Eine Erkenntnis, die Friederike von Kirchbach am Sonntagabend, am Beginn der Karwoche, den Zuhörern in der St. Nikolaikirche wohl vermitteln wollte. Die Pröpstin, die als stellvertretende Bischöfin der evangelischen Kirche Berlin-Brandenburg-schlesische Oberlausitz fungiert, bestieg als letzte Predigerin der diesjährigen sechs Potsdamer Passionspredigten die Kanzel der Kirche am Alten Markt. Die Veranstaltungsreihe wurde vom Stadtkirchenpfarramt initiiert.
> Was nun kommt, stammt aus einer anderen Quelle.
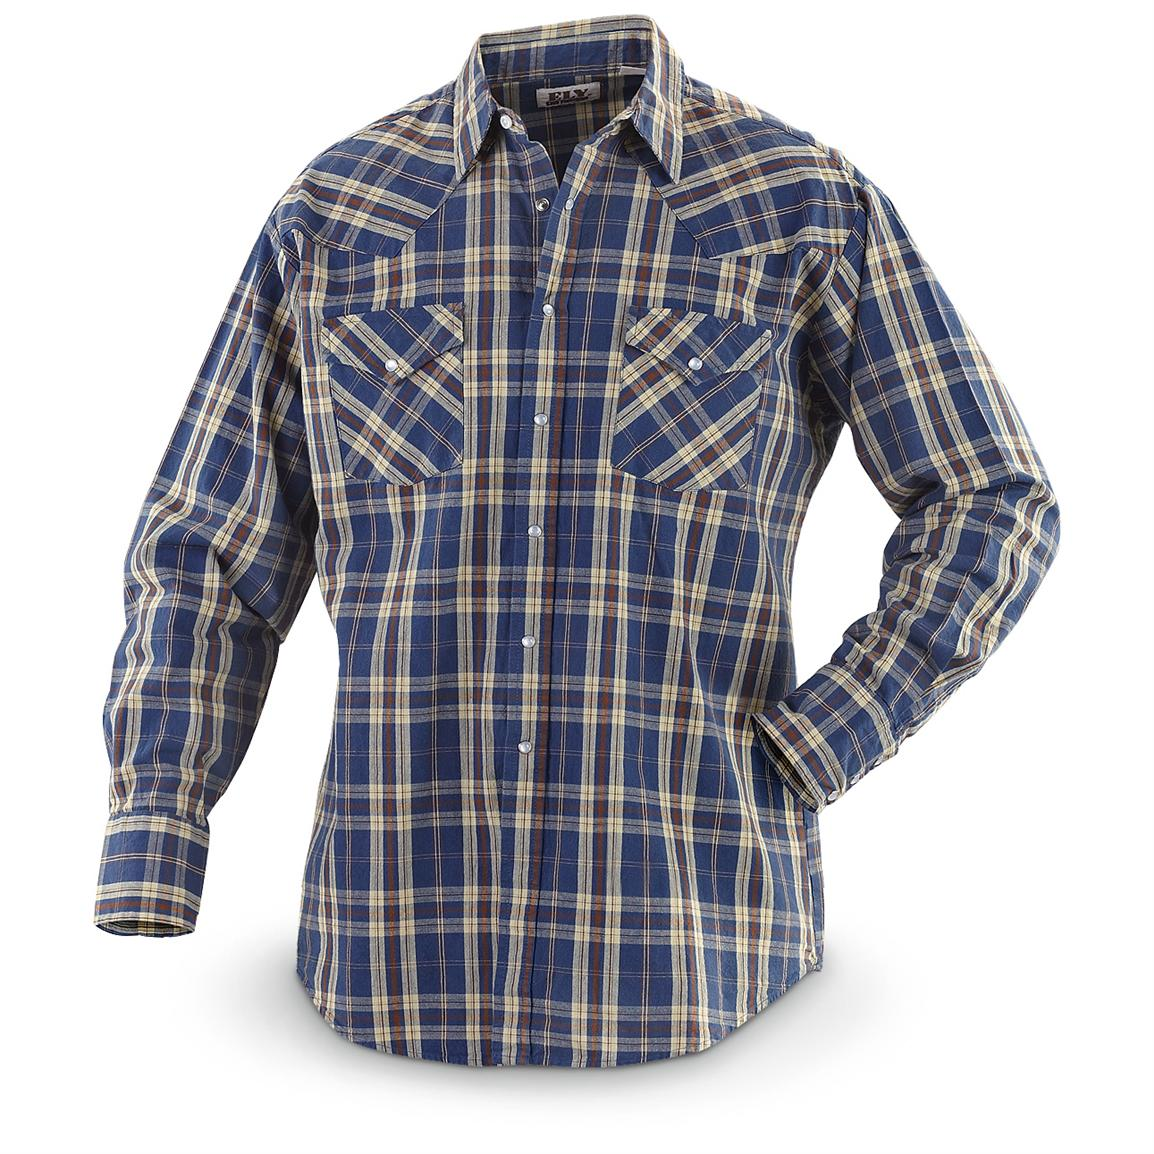 Denim clipart long sleeve shirt Long Blue Western sleeved Plaid
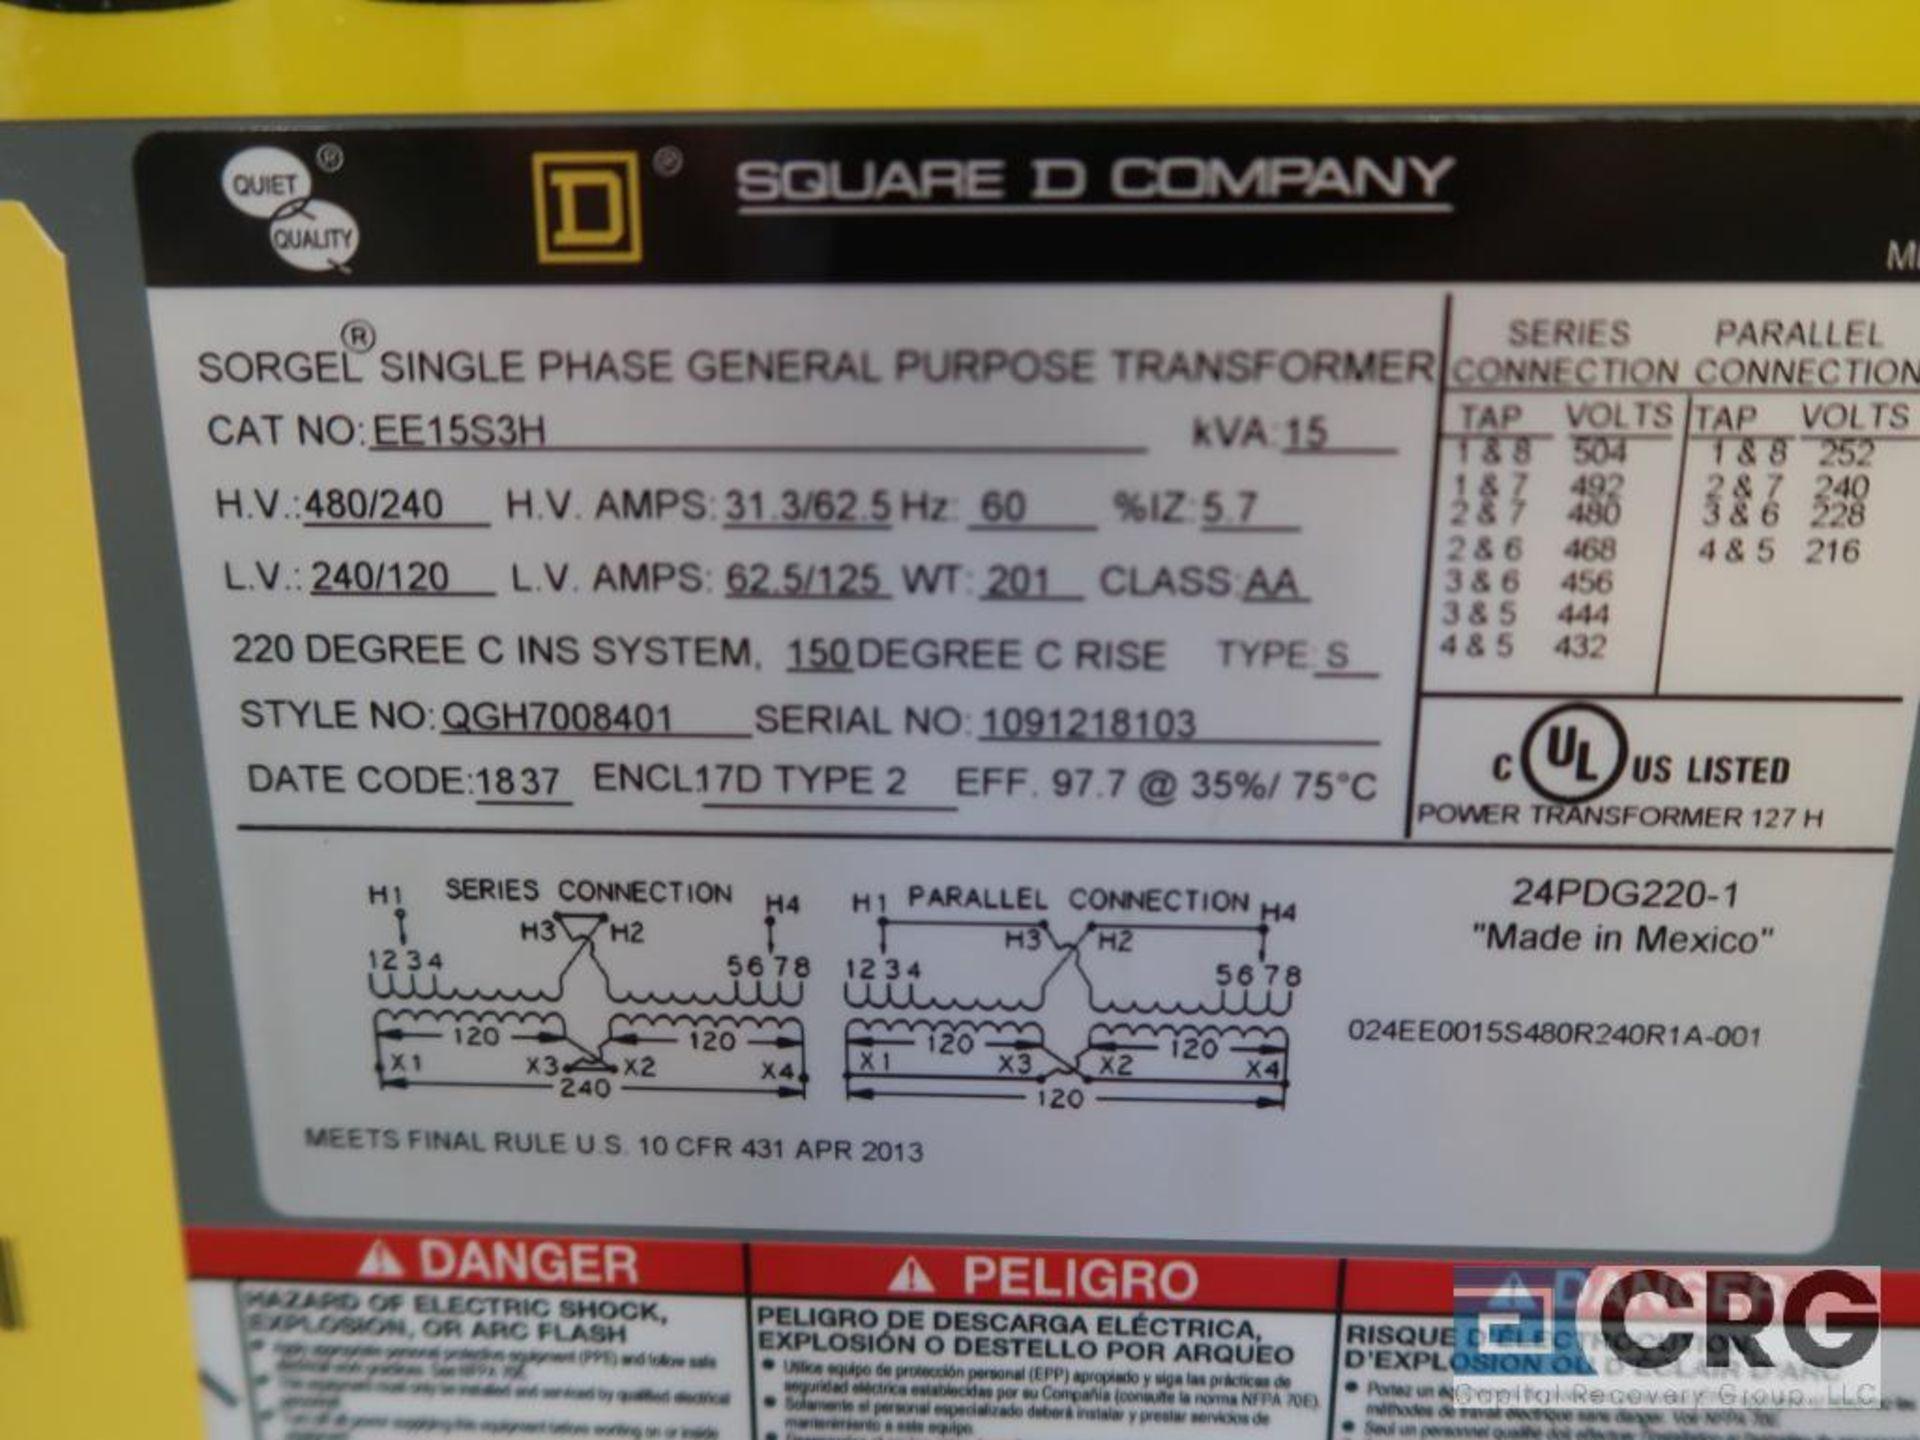 Square D single phase transformer, 15 KVA, 240/480 volt, s/n 18103 (Finish Building) - Image 2 of 2

Leiden, Schmerz, Traurigkeit und Trauer waren auch in der begleitenden Tanz-Improvisation von Ruth Knaup dominant. In ergreifenden Bildern hat die Potsdamerin zu den sensibel improvisierten Orgelklängen von Björn O. Wiede das Aufgepeitscht-Dramatische und die verhaltene Stille der emotionalen Erregung dargestellt. Der Bitte um Trost verlieh Ruth Knaup Ausdruck, doch sie stellte dabei kein billiges Vertrösten in den Raum. Am Ende lag sie wie am Boden zerstört, doch auch von Hoffnung erfüllt, auf den Altarstufen. Zuvor hatten Pfarrerin Juliane Rumpel und Vikar Thomas Thieme in einem „WortOrt“ sich mit einer eigenen Lesart dem Thema zugewandt und dem Kreislauf von Traurigkeit, Trauer, Schmerz, doch auch Freude eindrucksvoll zu Gehör gebracht.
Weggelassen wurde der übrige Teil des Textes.